9. Rewards should feel abundant (and valuable)
“Sometimes, it is more important to make the reward feel compelling than simply making it very large.” A bundle of nine different resources including 50 coins can feel more valuable than a flat 1,000 coins, even if the raw economic value is lower. Variety creates a sense of abundance and forward progression.
His actual structure: small frequent rewards combined with a few stronger milestone rewards, with tight tracking on completion rate, reward redemption, resource balance, payer behavior, and whether players reduce purchases after receiving event rewards. “The goal is not to be cheap. The goal is to make rewards feel exciting without breaking the economy or teaching players to wait for free stuff.”
10. A/B test the format before you test anything else
Small test group against a holdout. Full funnel measurement: visibility, entry, participation, progression, completion, reward claims, session frequency, retention, monetization, and post-event behavior.

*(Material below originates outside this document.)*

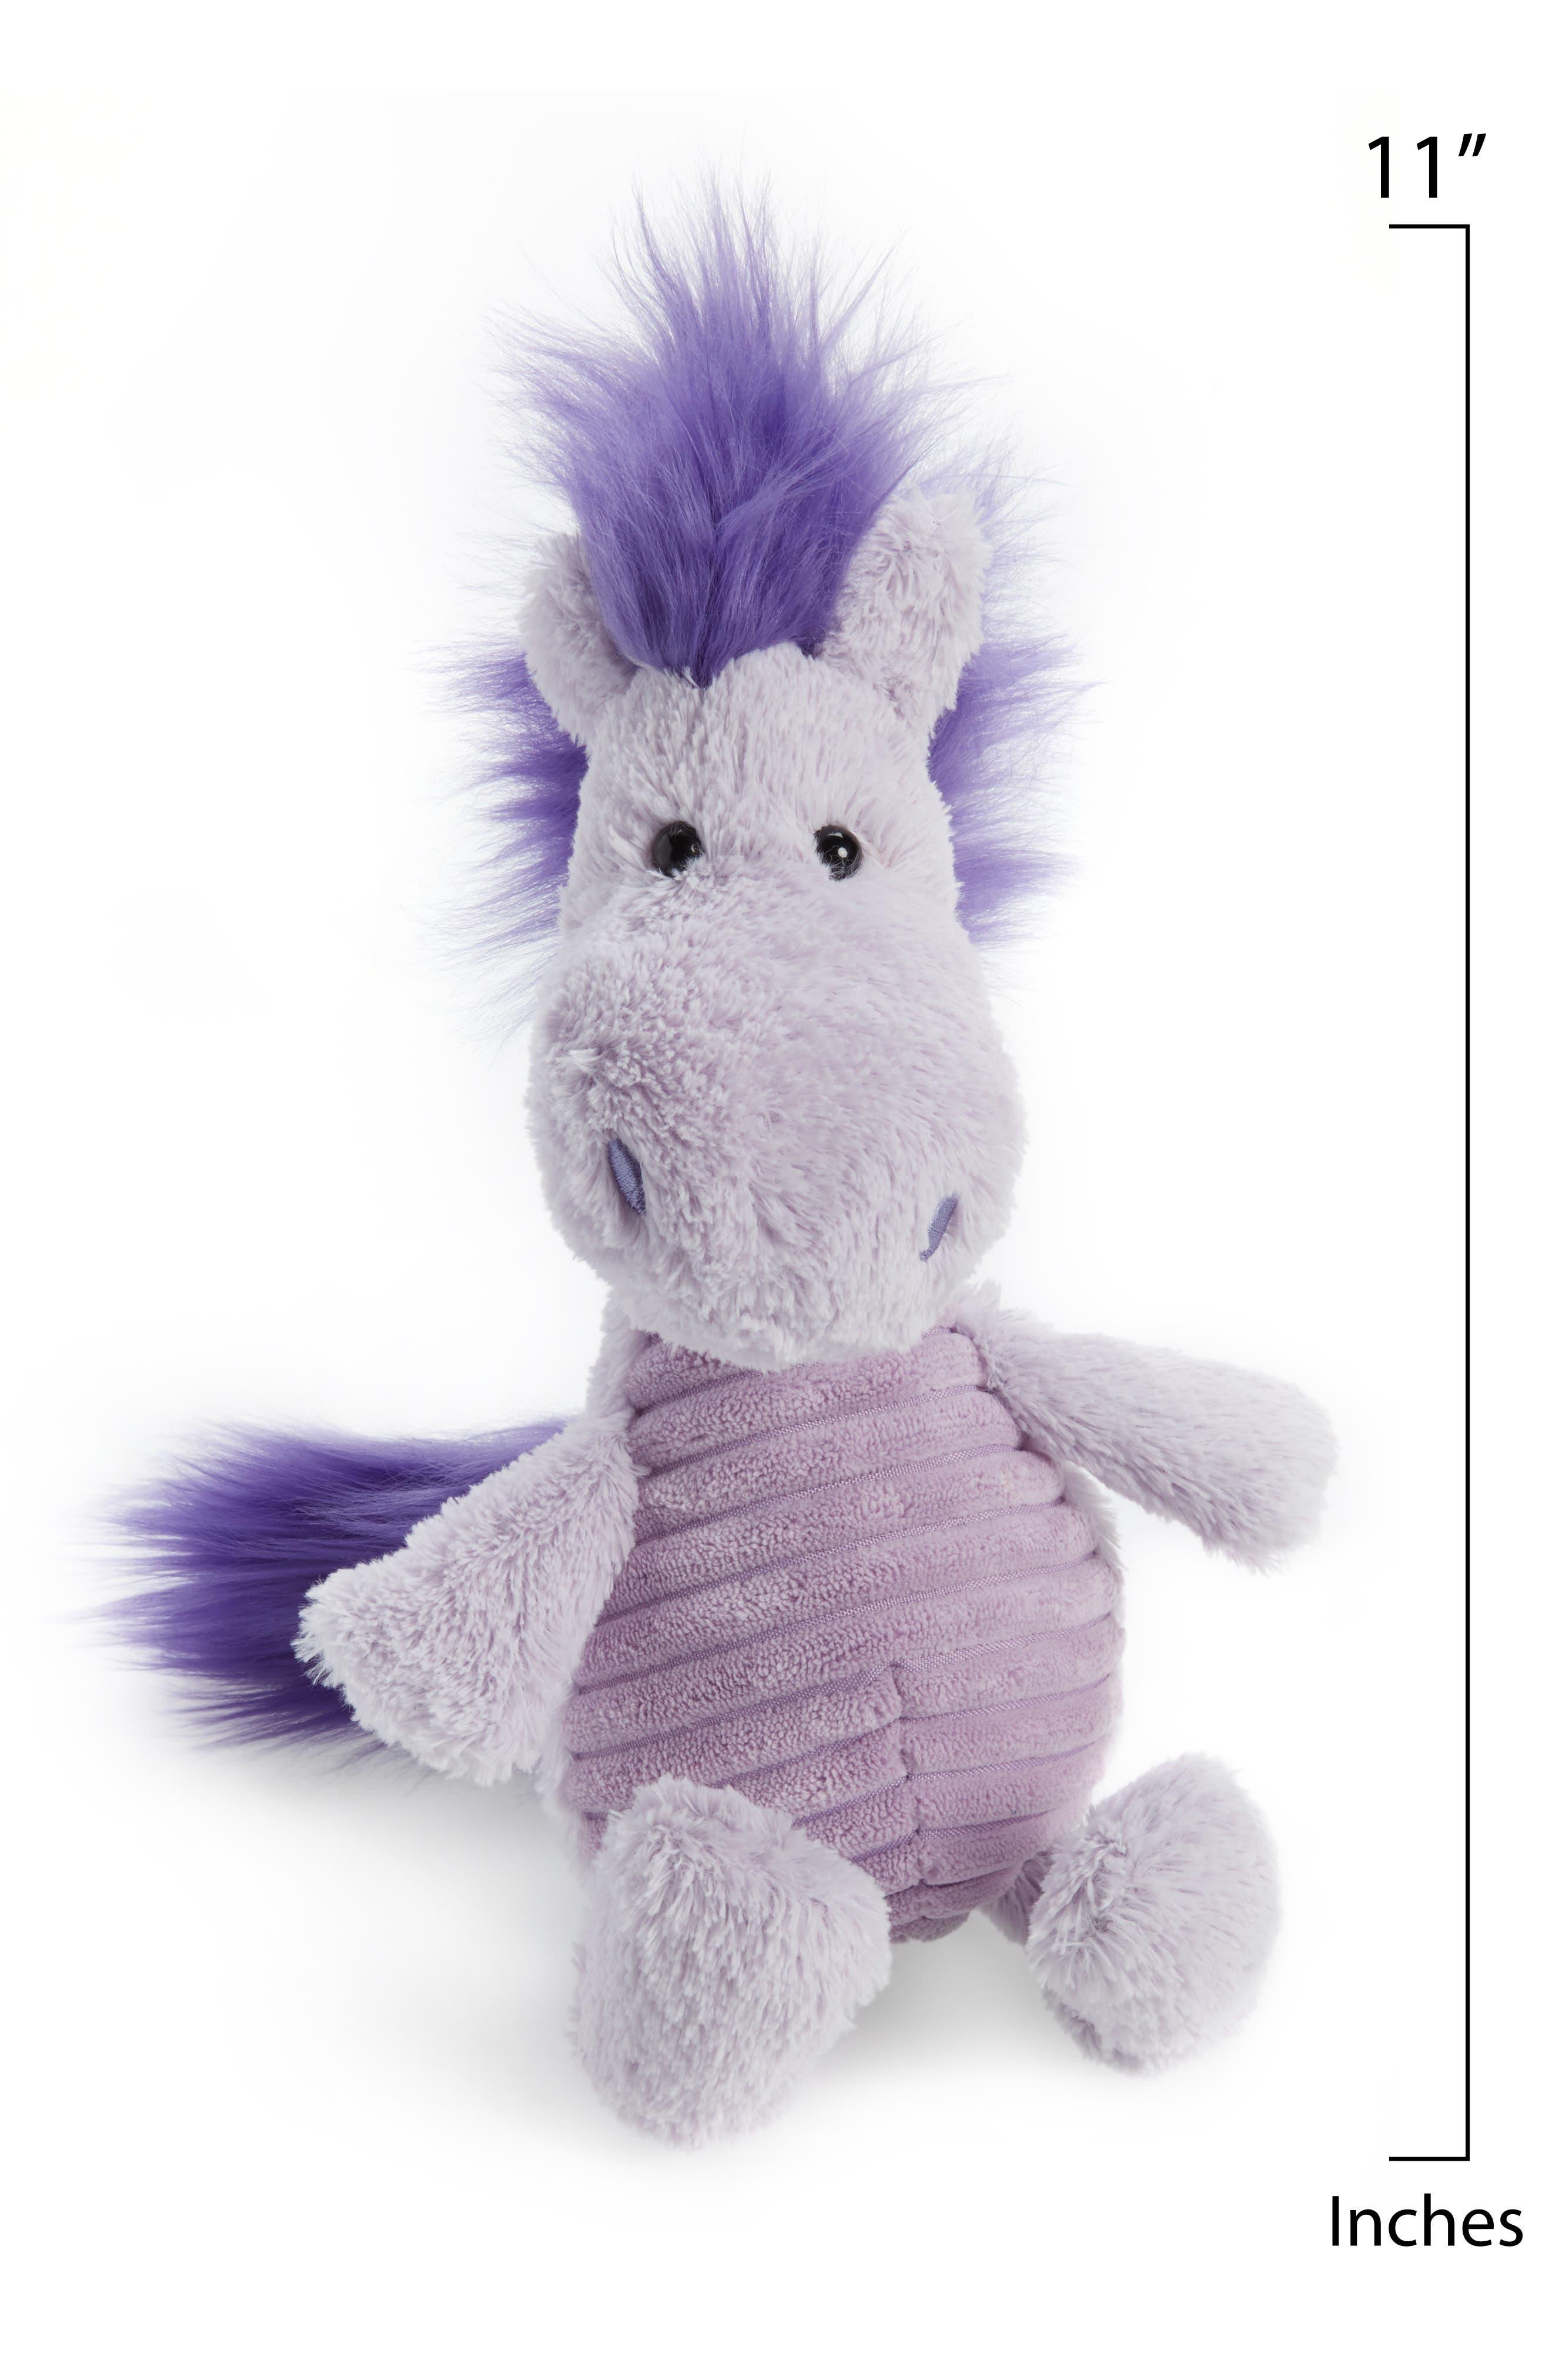 Snagglebaggle Penny Pony Stuffed Animal,                             Alternate thumbnail 2, color,                             LILAC

“I would also avoid testing too many variables at once. First, test the core format: the mechanic, duration, and main reward structure.” Only after that iterate on pacing, reward values, communication, difficulty, and segmentation. Once the format proves it can lift engagement or revenue without hurting retention or the economy, scale it.
11. The future of events is adaptive
The first is player control over difficulty. “Some games are already experimenting with letting players choose the difficulty or complexity of an event, with rewards adjusted accordingly.”
The same event serves casual players who want a quick achievable goal and hardcore players who want a harder challenge with better payoff.
The second is player choice in rewards. Instead of a fixed prize, events let players choose which reward path they care about most. “Perceived value is different for each player. A payer, a non-payer, a new player, and a veteran may all value different resources.”

Difficulty choice, reward choice, social events, modular formats; all pointing in the same direction. Studios that build event frameworks will have a stronger chance of sustaining LiveOps performance.